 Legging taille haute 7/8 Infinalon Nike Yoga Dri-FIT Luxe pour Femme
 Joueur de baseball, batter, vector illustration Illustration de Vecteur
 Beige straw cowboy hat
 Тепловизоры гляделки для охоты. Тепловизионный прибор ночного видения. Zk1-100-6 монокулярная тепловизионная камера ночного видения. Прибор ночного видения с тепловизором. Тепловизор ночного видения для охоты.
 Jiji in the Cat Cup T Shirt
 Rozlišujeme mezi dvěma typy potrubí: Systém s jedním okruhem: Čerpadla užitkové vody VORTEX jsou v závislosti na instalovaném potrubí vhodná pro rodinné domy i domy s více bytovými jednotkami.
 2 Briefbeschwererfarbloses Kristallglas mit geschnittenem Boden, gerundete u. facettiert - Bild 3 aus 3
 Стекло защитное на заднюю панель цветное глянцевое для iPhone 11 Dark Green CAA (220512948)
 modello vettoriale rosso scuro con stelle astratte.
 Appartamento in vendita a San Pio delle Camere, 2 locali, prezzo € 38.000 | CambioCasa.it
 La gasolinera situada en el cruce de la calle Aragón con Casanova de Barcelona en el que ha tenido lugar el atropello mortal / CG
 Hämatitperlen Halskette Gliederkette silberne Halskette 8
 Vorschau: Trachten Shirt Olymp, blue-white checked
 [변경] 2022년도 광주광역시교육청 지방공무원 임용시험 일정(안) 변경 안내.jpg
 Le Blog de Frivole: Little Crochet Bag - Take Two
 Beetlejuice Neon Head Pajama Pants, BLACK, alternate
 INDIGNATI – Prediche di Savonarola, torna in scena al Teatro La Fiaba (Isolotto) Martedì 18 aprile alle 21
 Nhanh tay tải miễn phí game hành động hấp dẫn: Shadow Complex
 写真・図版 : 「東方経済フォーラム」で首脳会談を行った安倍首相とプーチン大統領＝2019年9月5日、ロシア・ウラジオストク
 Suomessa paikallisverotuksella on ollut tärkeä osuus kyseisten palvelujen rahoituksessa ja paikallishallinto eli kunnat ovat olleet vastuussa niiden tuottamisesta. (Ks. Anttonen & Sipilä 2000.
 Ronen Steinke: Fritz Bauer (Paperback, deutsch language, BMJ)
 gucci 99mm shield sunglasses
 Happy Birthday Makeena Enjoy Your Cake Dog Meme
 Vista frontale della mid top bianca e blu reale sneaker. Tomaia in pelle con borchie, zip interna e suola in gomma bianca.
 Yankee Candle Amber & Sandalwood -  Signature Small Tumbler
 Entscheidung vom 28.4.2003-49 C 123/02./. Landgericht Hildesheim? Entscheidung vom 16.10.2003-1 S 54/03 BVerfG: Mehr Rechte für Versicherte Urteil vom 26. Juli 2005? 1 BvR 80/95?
:::
> WHAT YOU WILL DO: Copy each line of the data exactly, please.

> SOLUTION FOR THIS PROBLEM:
 Legging taille haute 7/8 Infinalon Nike Yoga Dri-FIT Luxe pour Femme
 Joueur de baseball, batter, vector illustration Illustration de Vecteur
 Beige straw cowboy hat
 Тепловизоры гляделки для охоты. Тепловизионный прибор ночного видения. Zk1-100-6 монокулярная тепловизионная камера ночного видения. Прибор ночного видения с тепловизором. Тепловизор ночного видения для охоты.
 Jiji in the Cat Cup T Shirt
 Rozlišujeme mezi dvěma typy potrubí: Systém s jedním okruhem: Čerpadla užitkové vody VORTEX jsou v závislosti na instalovaném potrubí vhodná pro rodinné domy i domy s více bytovými jednotkami.
 2 Briefbeschwererfarbloses Kristallglas mit geschnittenem Boden, gerundete u. facettiert - Bild 3 aus 3
 Стекло защитное на заднюю панель цветное глянцевое для iPhone 11 Dark Green CAA (220512948)
 modello vettoriale rosso scuro con stelle astratte.
 Appartamento in vendita a San Pio delle Camere, 2 locali, prezzo € 38.000 | CambioCasa.it
 La gasolinera situada en el cruce de la calle Aragón con Casanova de Barcelona en el que ha tenido lugar el atropello mortal / CG
 Hämatitperlen Halskette Gliederkette silberne Halskette 8
 Vorschau: Trachten Shirt Olymp, blue-white checked
 [변경] 2022년도 광주광역시교육청 지방공무원 임용시험 일정(안) 변경 안내.jpg
 Le Blog de Frivole: Little Crochet Bag - Take Two
 Beetlejuice Neon Head Pajama Pants, BLACK, alternate
 INDIGNATI – Prediche di Savonarola, torna in scena al Teatro La Fiaba (Isolotto) Martedì 18 aprile alle 21
 Nhanh tay tải miễn phí game hành động hấp dẫn: Shadow Complex
 写真・図版 : 「東方経済フォーラム」で首脳会談を行った安倍首相とプーチン大統領＝2019年9月5日、ロシア・ウラジオストク
 Suomessa paikallisverotuksella on ollut tärkeä osuus kyseisten palvelujen rahoituksessa ja paikallishallinto eli kunnat ovat olleet vastuussa niiden tuottamisesta. (Ks. Anttonen & Sipilä 2000.
 Ronen Steinke: Fritz Bauer (Paperback, deutsch language, BMJ)
 gucci 99mm shield sunglasses
 Happy Birthday Makeena Enjoy Your Cake Dog Meme
 Vista frontale della mid top bianca e blu reale sneaker. Tomaia in pelle con borchie, zip interna e suola in gomma bianca.
 Yankee Candle Amber & Sandalwood -  Signature Small Tumbler
 Entscheidung vom 28.4.2003-49 C 123/02./. Landgericht Hildesheim? Entscheidung vom 16.10.2003-1 S 54/03 BVerfG: Mehr Rechte für Versicherte Urteil vom 26. Juli 2005? 1 BvR 80/95?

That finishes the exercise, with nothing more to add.